Back in 2018, Jackson posted a 69 overall coverage grade, per PFF, but thrived in run-defense. He did allow 823 yards and five scores, but one anomaly in week 11 against Indianapolis represented 172 of those yards.

When looking at the statistics, Jackson has fantastic abilities but sprinkles in a few poor performances that can impact games. I believe he is a perfect fit at CB2 alongside Bradberry, and having a coordinator like Graham should help him tremendously.

Slot: Darnay Holmes/Aaron Robinson

The Giants now have two physical and aggressive slot corners in Darnay Holmes and Aaron Robinson, their third-round pick this year. Holmes deserves another crack at the starting job, in my opinion. After struggling with injuries last year, Holmes missed a bit of developmental time, but he stood out in the win over Seattle, picking up an interception and five passes defended. I love his aggressiveness in the slot, as he contains a fearless mentality in stopping the run and crossing routes to tight ends.
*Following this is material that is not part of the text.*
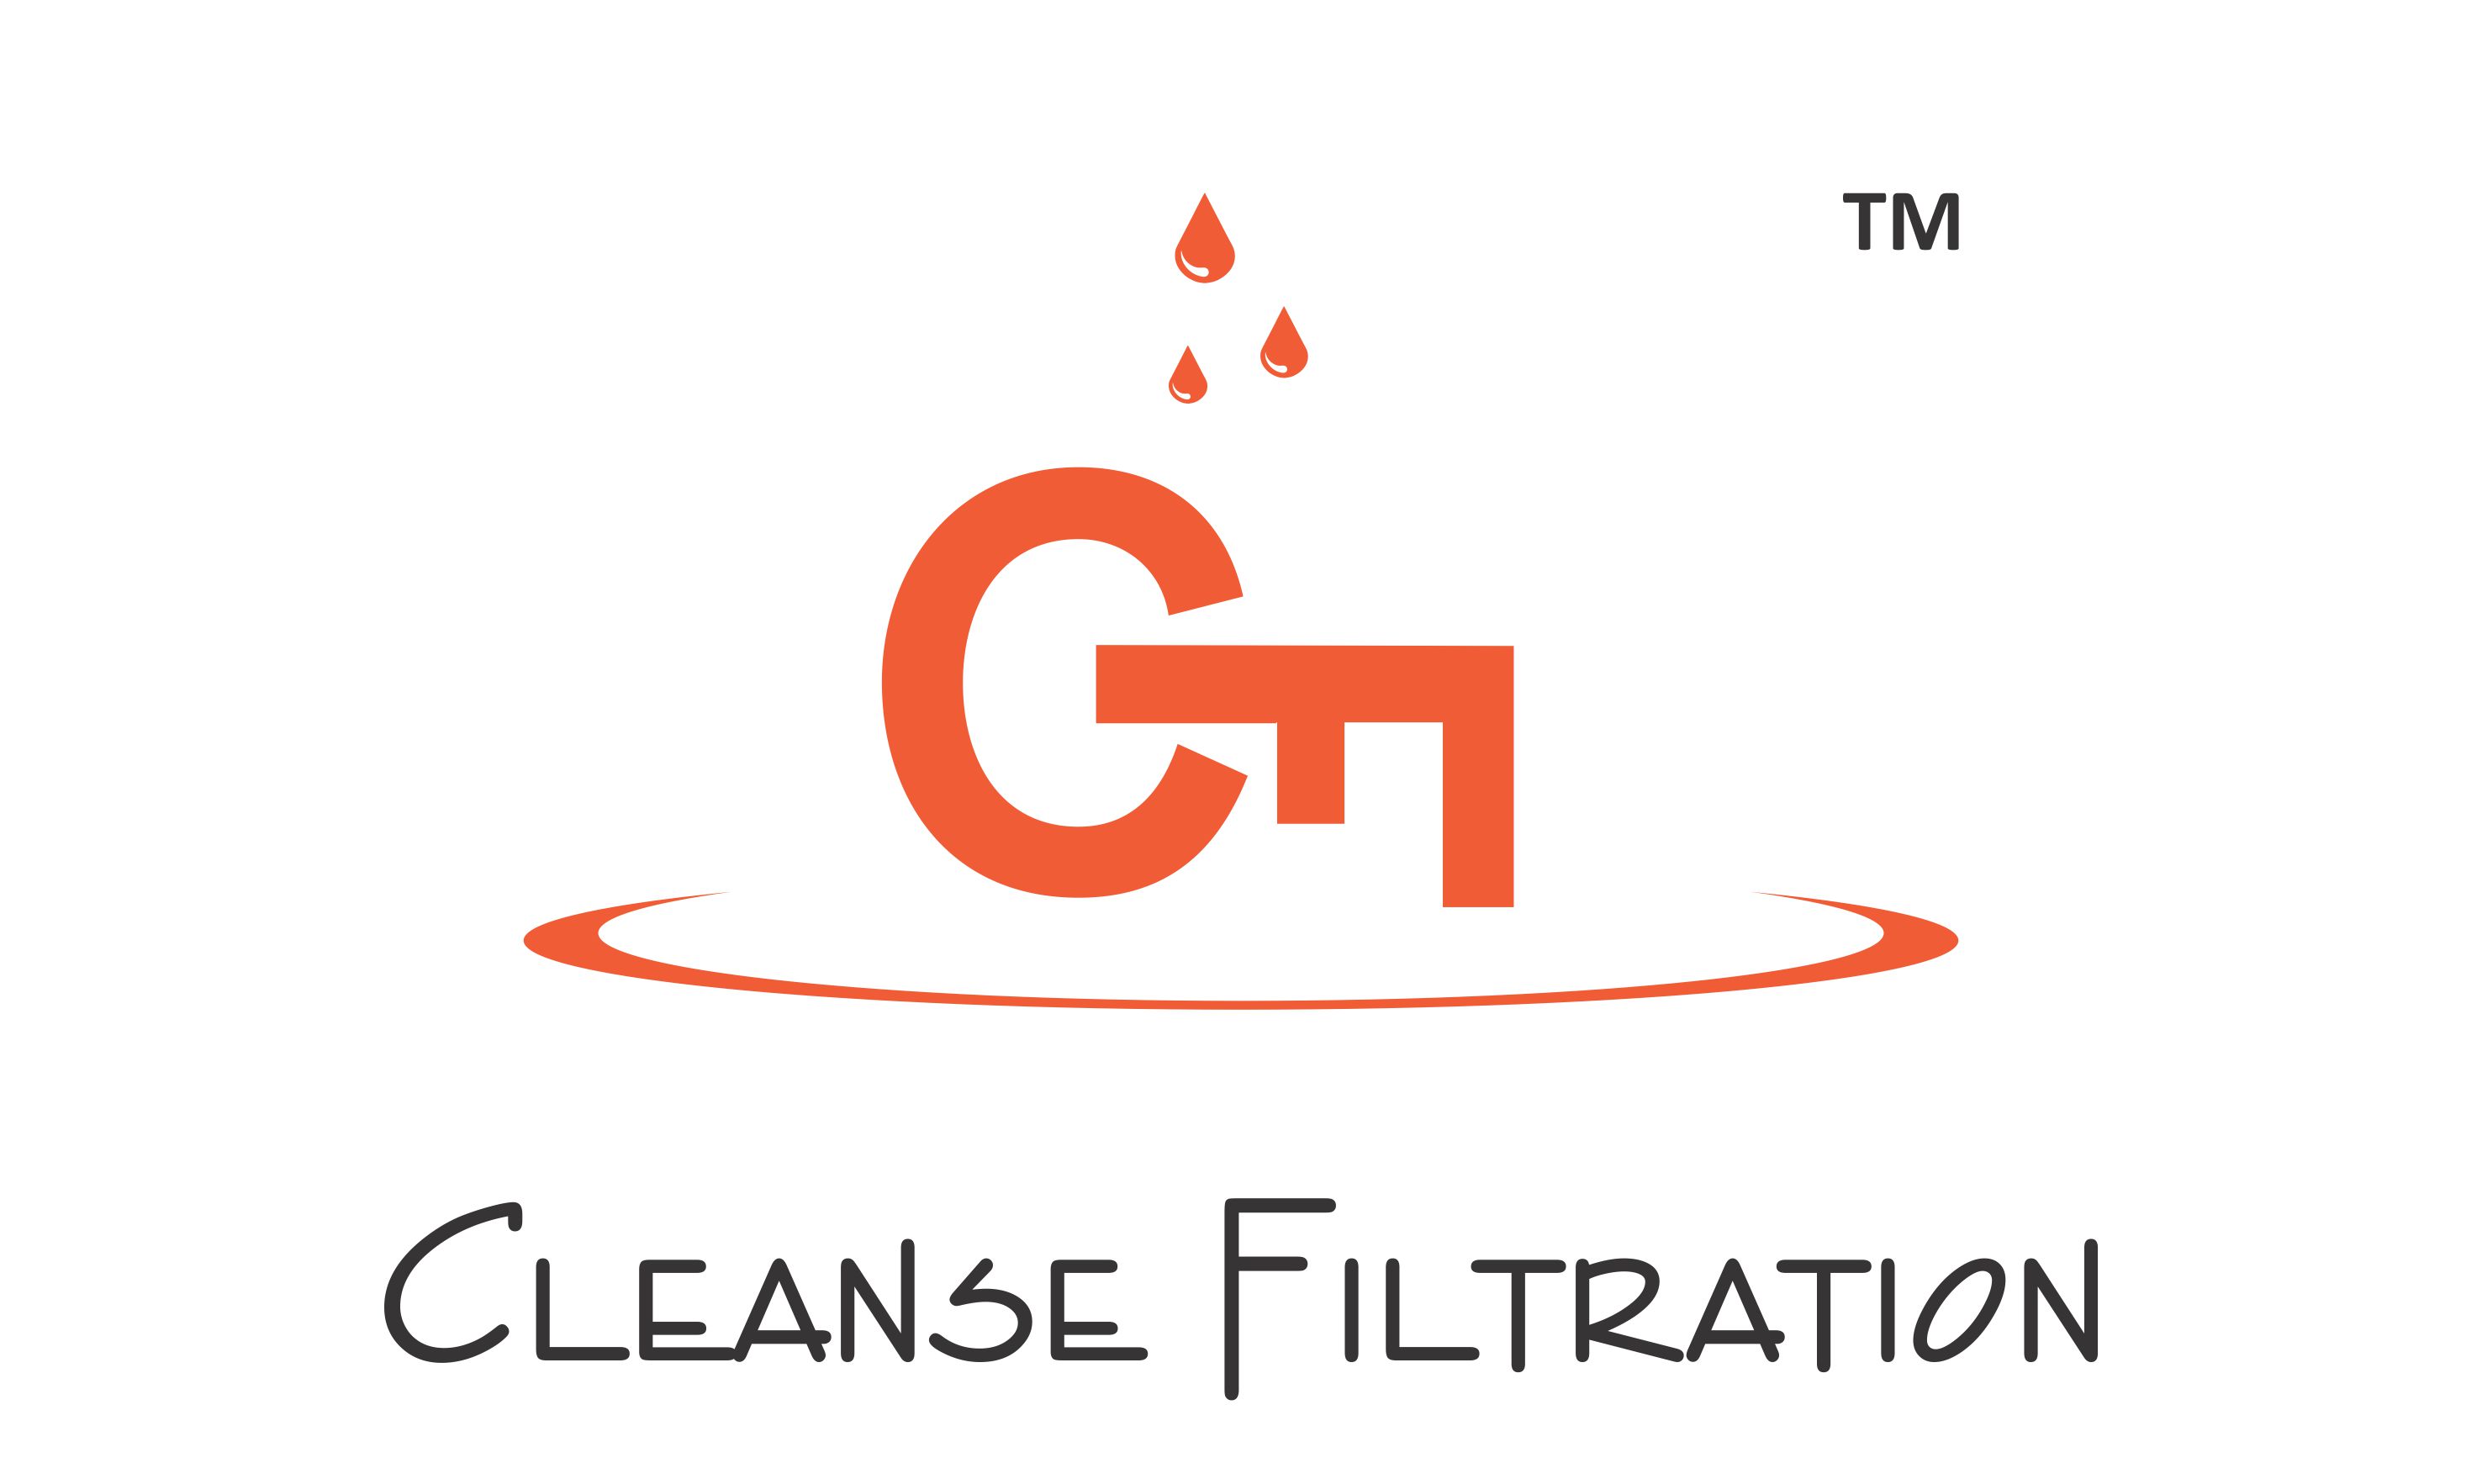 CLEANSE FILTRATION

Robinson, on the other hand, is also a stout nickel corner who possesses strong man coverage traits and aggressiveness at the point of attack. Robinson was supposed to attend Alabama but ended up transferring to UCF, where he earned more playing time. He is routinely coined as a quick, physical, and athletic player who fits the Giants’ system. All of their moves recently suggest they will be transferring to a more man coverage-based scheme.

DEPTH: Love, Yiadom, Beal

Any good secondary has adequate depth, and the Giants have Julian Love, Isaac Yiadom, Sam Beal, and Rodarius Williams, their sixth-round pick this year.
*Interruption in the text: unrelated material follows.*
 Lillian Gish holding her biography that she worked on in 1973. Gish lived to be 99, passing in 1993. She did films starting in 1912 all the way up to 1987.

Yiadom had a few decent performances, but he knows the system and took a massive pay cut to stick with the Giants this year. Love has displayed versatility as a safety and corner, and he can play multiple positions as a utility option if need be. He is an incredibly valuable piece to this defense. Beal, on the other hand, is a likely cut candidate, given he hasn’t played in a few seasons, and he’s set to earn $1.1 million this year. If they release him, they will save about 600K.

S: Logan Ryan

The influence of veteran Logan Ryan can’t be discounted, as he brings experience and leadership to this group of young defensive backs. Ryan made the transition to safety last season with the Giants and walked away with a 70.1 overall grade, but I consider him the glue of this entire unit. He helped Graham tremendously get players into position and disguise coverages to confuse quarterbacks. He immediately thrust himself into the conversation as one of the best safeties in the NFL, and as one of the best tacklers on the team, Ryan can also move up into the box and make plays.

S: Xavier McKinney

Xavier McKinney missed the entire first half of the 2020 season due to a fractured foot but made tremendous progress as the second half moved along. In the final game of the season against the Dallas Cowboys, McKinney posted eight combined tackles, one tackle for a loss, and one interception. He was the stand-out defensive performer in the victory and showed the Giants exactly what they need to see to feel confident in him moving forward.

McKinney is a future in the secondary for a Big Blue, as he can move up into the box at strong safety but also play free safety in the deep secondary. He has solid closing speed and is fearless going into tackles. He occasionally wraps up a bit high, but that is nothing head coach Joe Judge can’t fix.

S: Jabrill Peppers

One of the Giants’ strongest points on defense is strong safety Jabrill Peppers, who had his best season in 2020. Peppers is an extremely aggressive run stopper but has developed nicely as a coverage safety as well. Last year, he set career highs in tackles with 91, tackles for a loss with eight, sacks, 2.5, and recorded an interception.

I expect Peppers to take a step forward in 2021 with more experience in the scheme and in the final year of his rookie contract. His development has been exceptional for the Giants, and they needed a player to lock down the SS position after letting Landon Collins walk in free agency. So far, that move seems to be paying off.